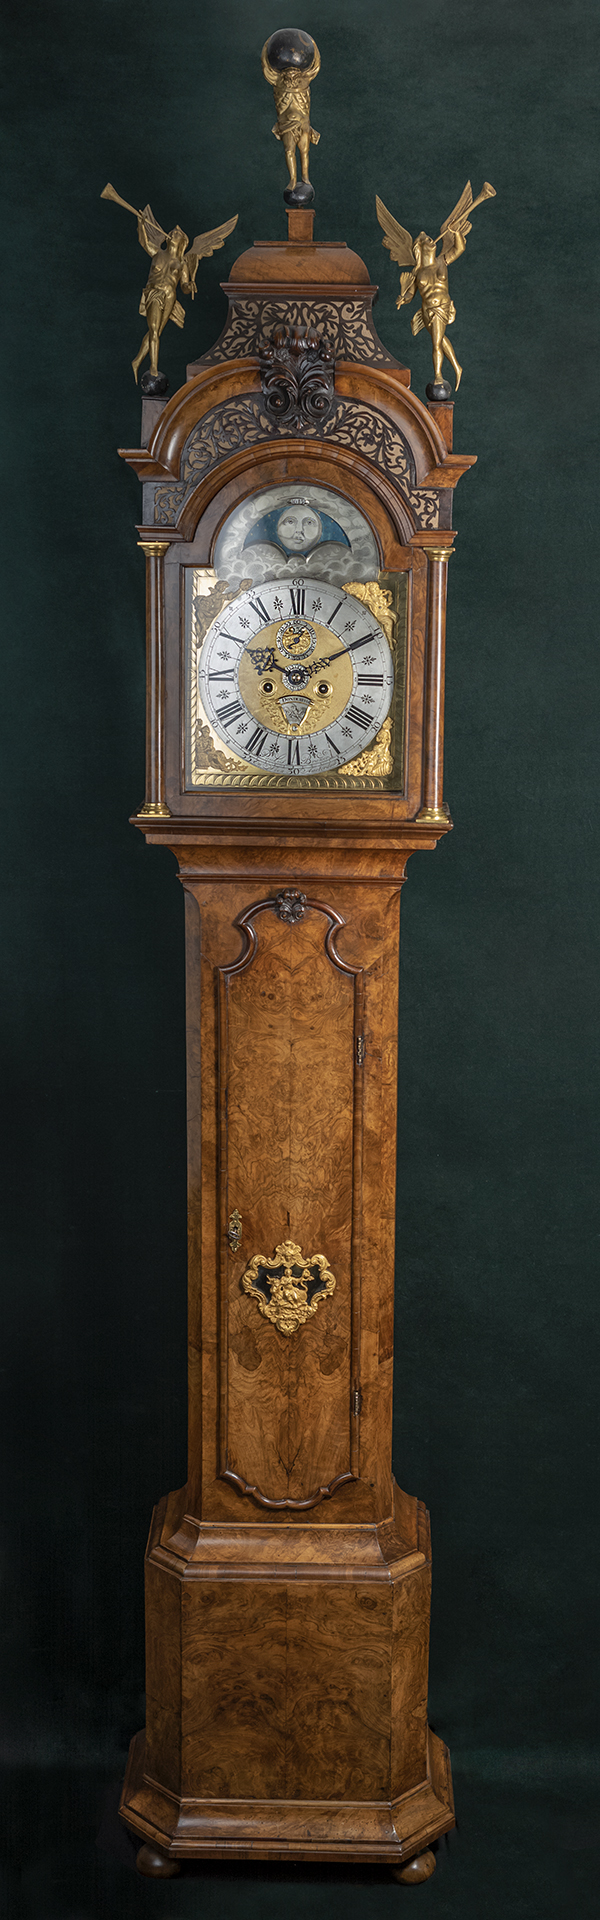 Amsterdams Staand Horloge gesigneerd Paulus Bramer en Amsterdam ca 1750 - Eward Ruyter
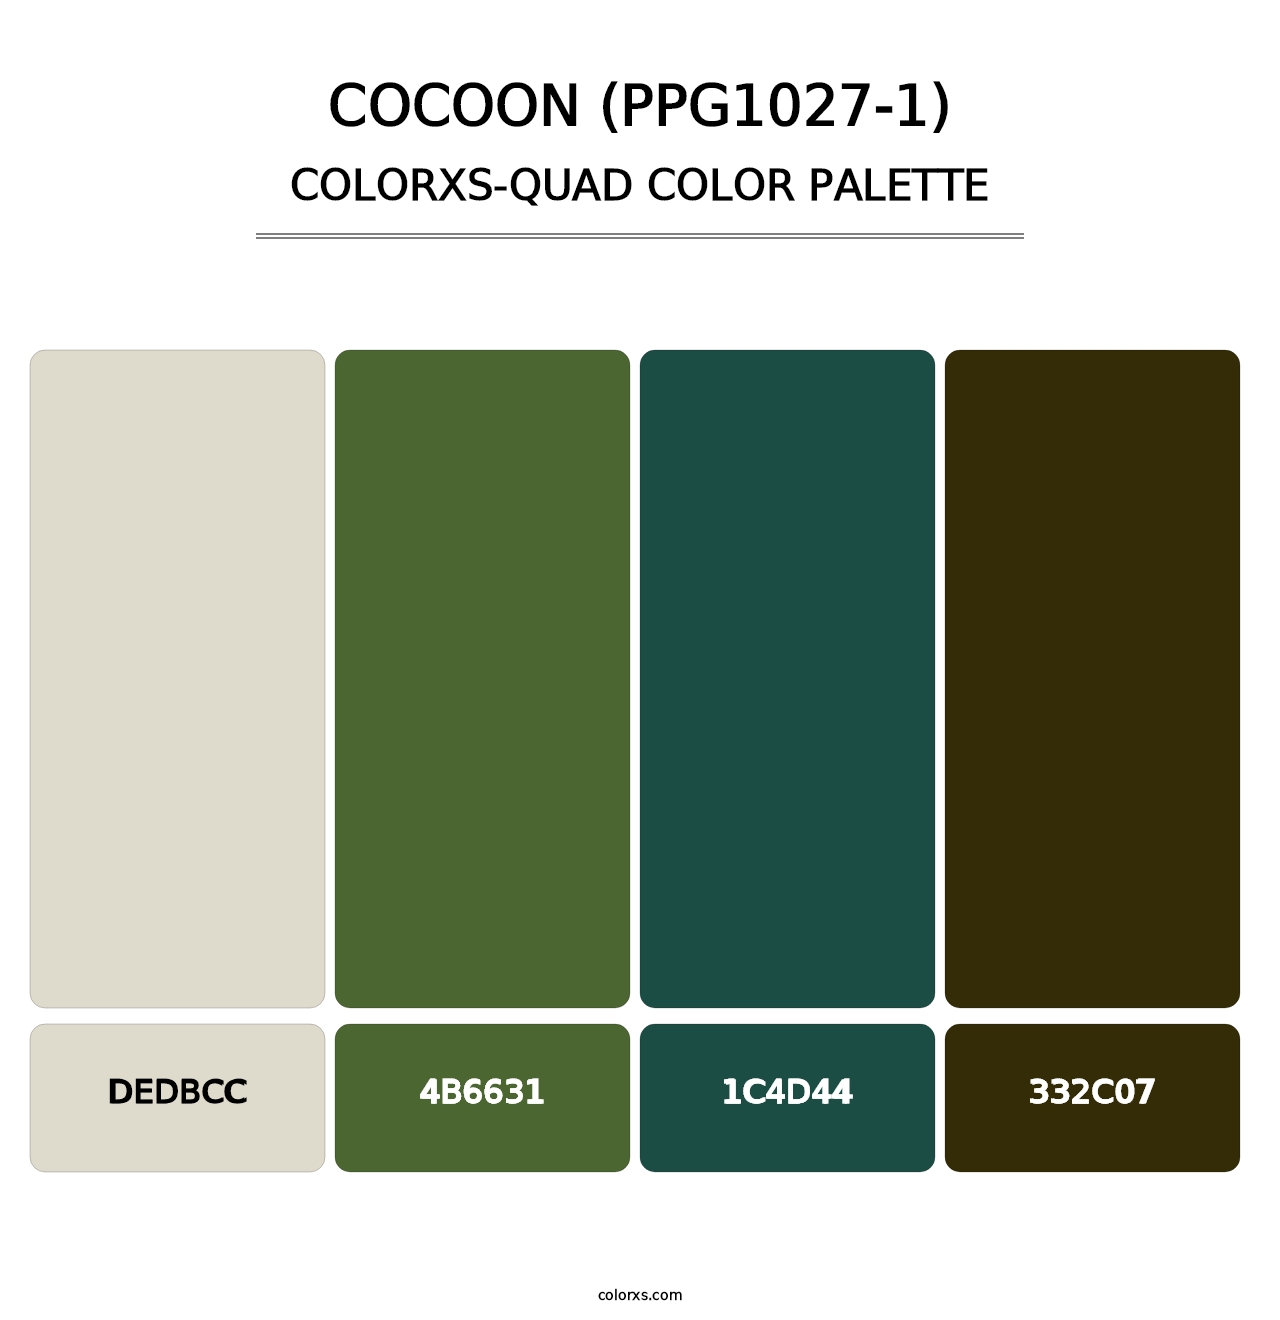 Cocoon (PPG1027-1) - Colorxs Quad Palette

--

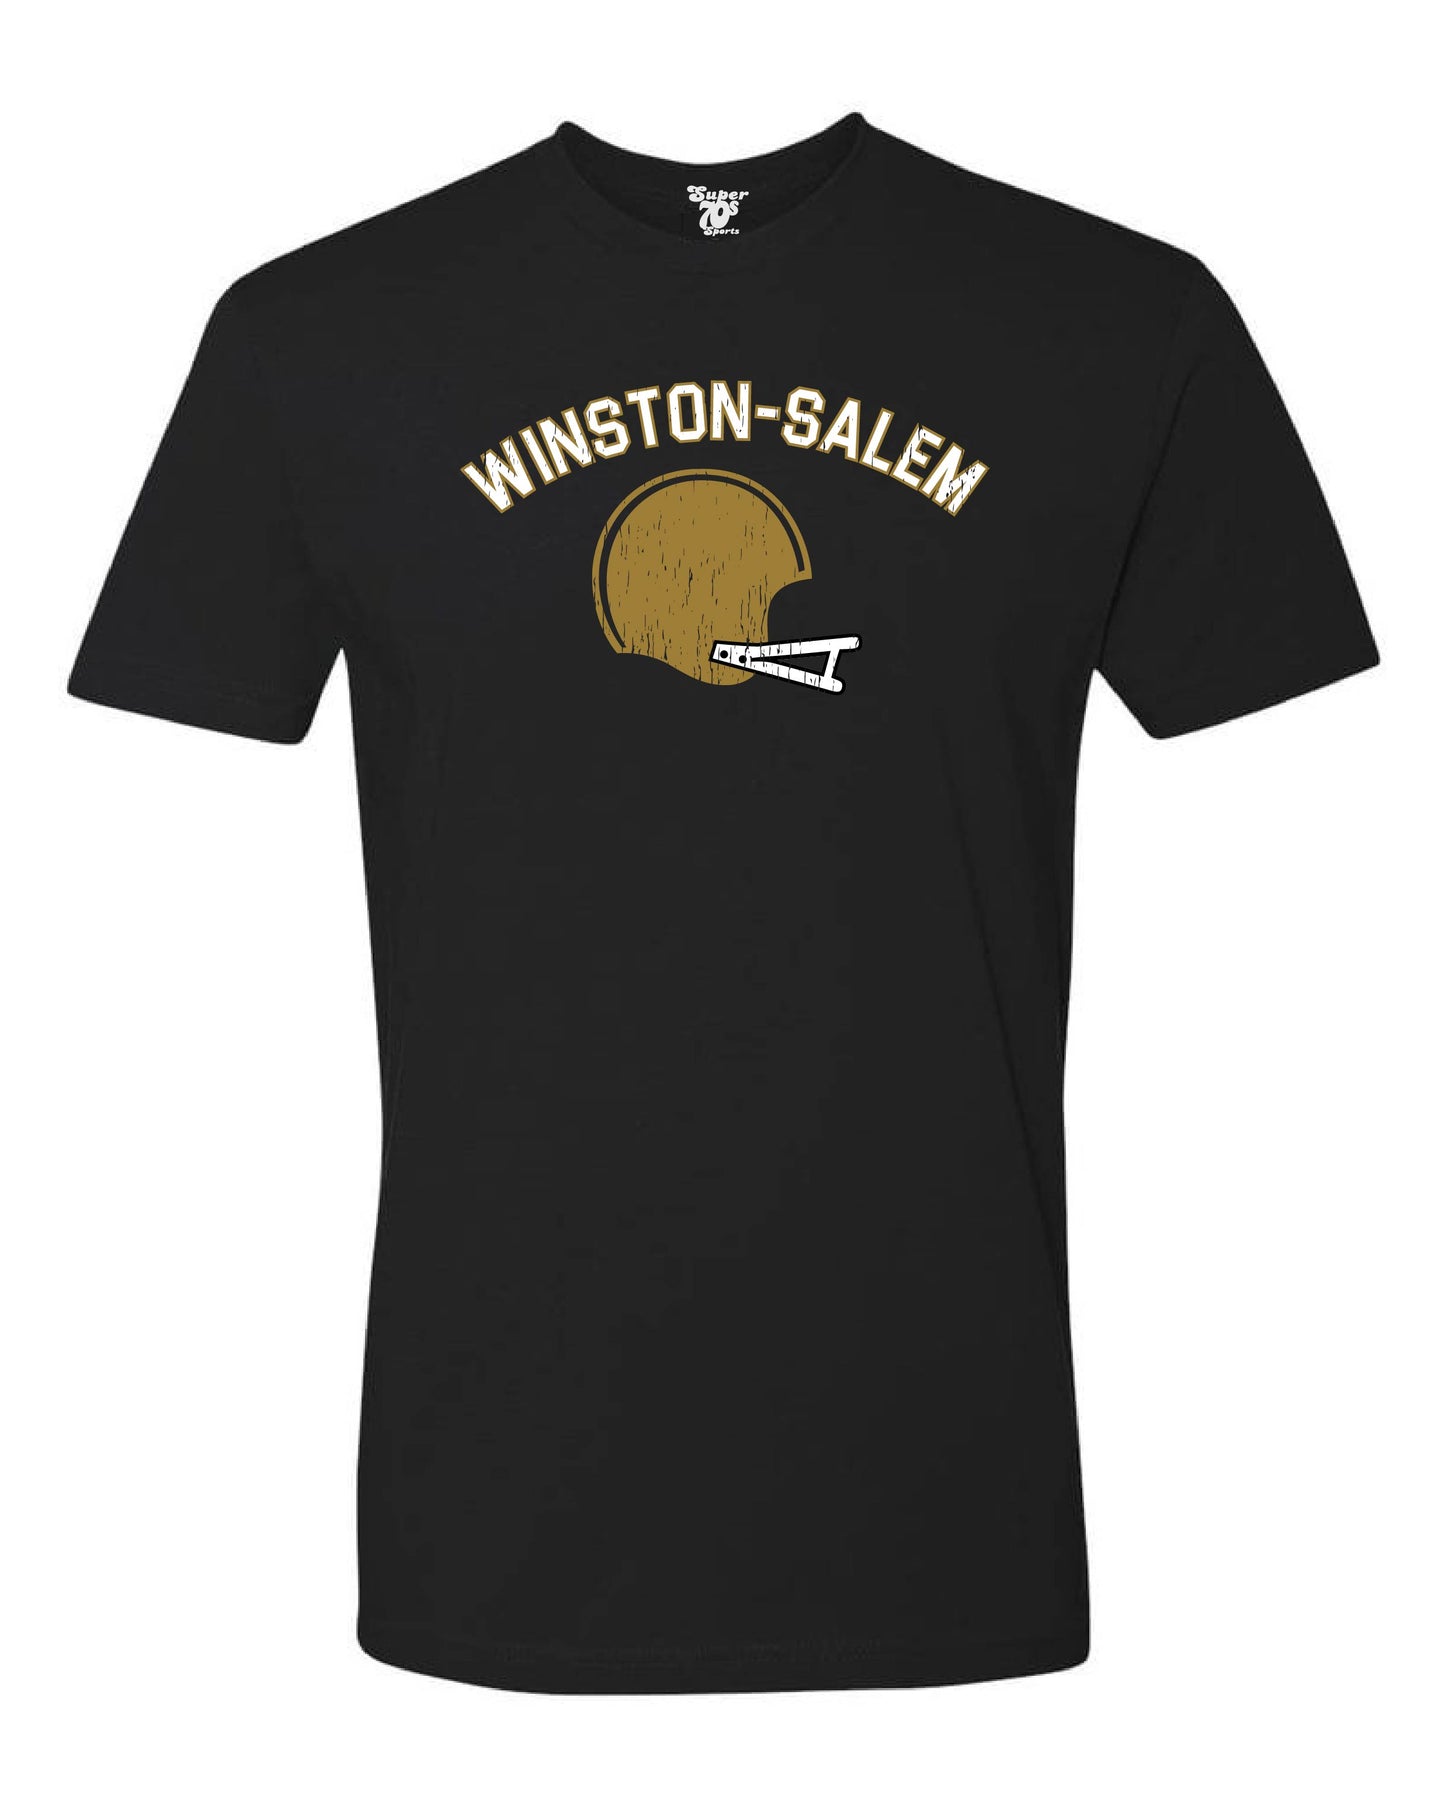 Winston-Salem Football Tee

---

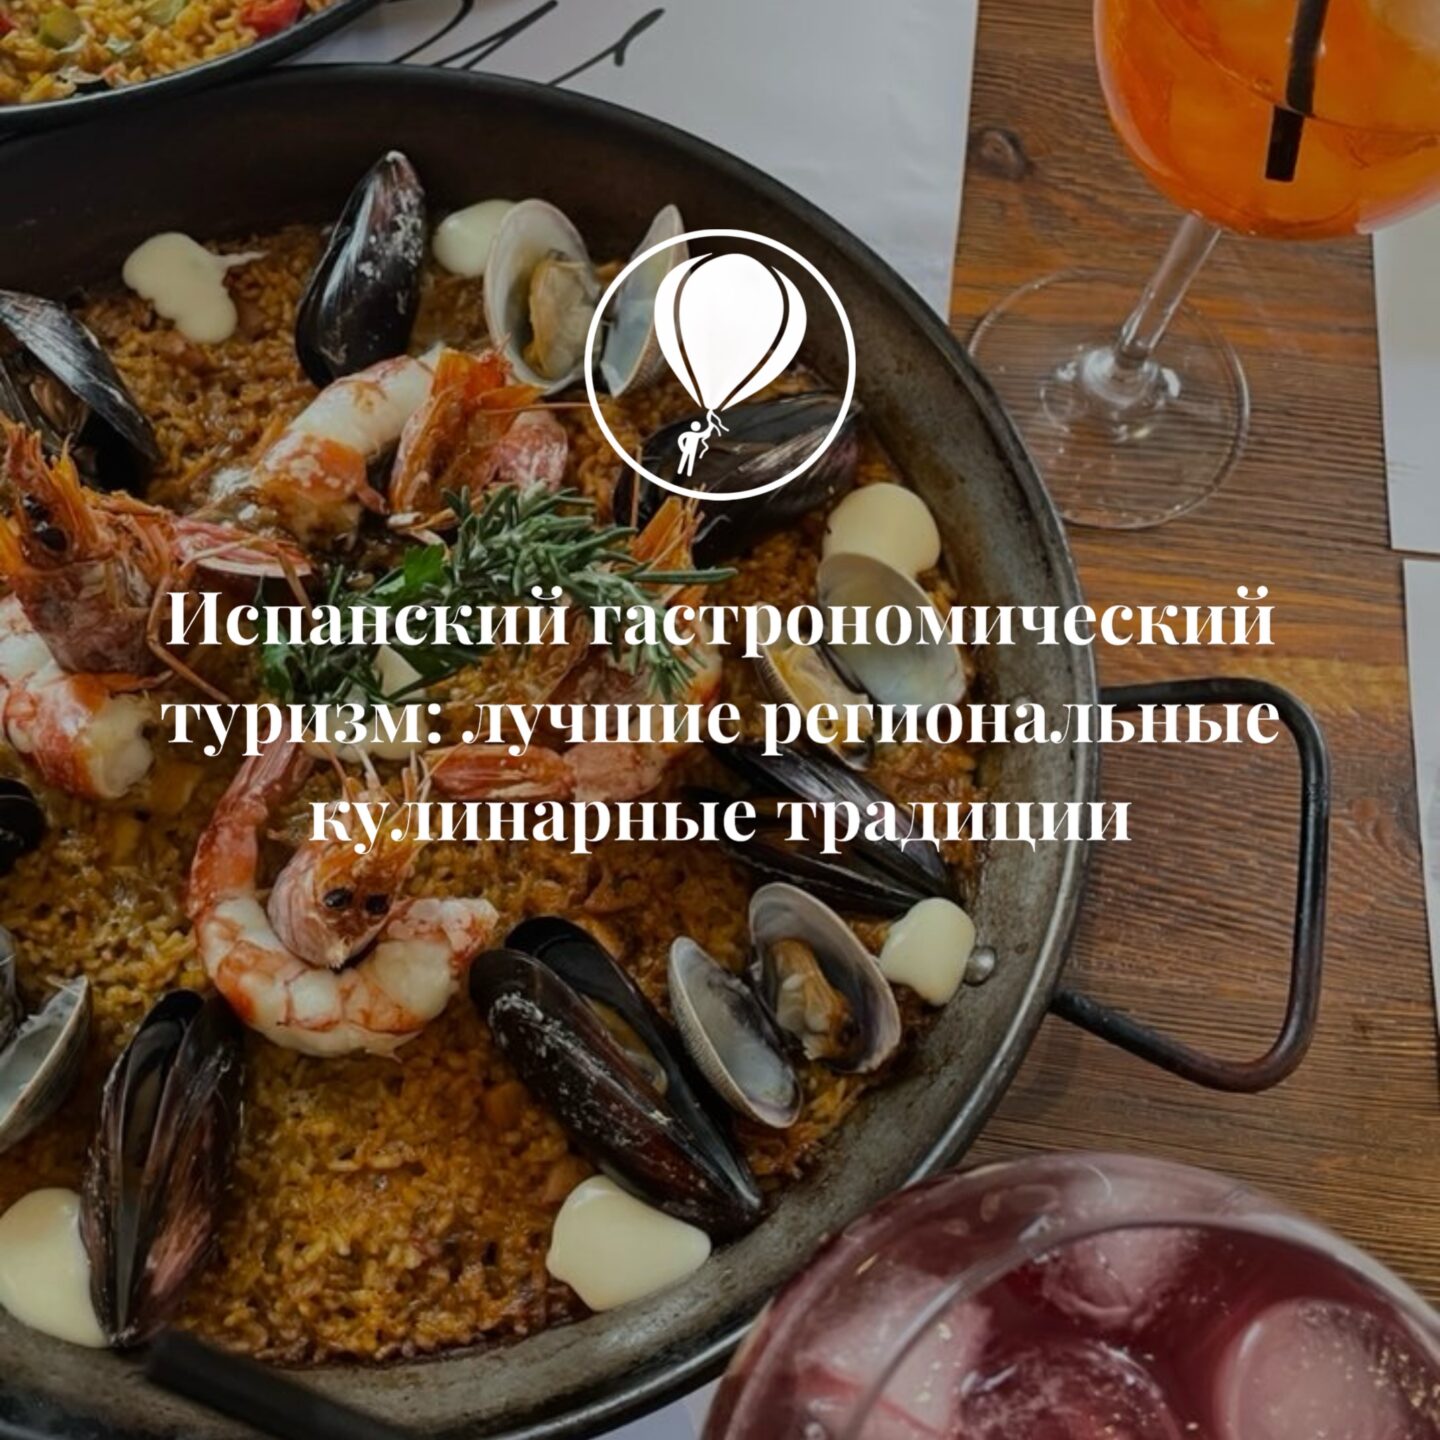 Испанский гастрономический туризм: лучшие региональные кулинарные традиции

Your assignment >>
Reproduce exactly, with no pictures, the lines above from the one holding "Amsterdams Staand Horloge" to the one holding "Cocoon (PPG1027-1) - Colorxs Quad Palette", inclusive.

Exercise response >>
 Amsterdams Staand Horloge gesigneerd Paulus Bramer en Amsterdam ca 1750 - Eward Ruyter
 Cocoon (PPG1027-1) - Colorxs Quad Palette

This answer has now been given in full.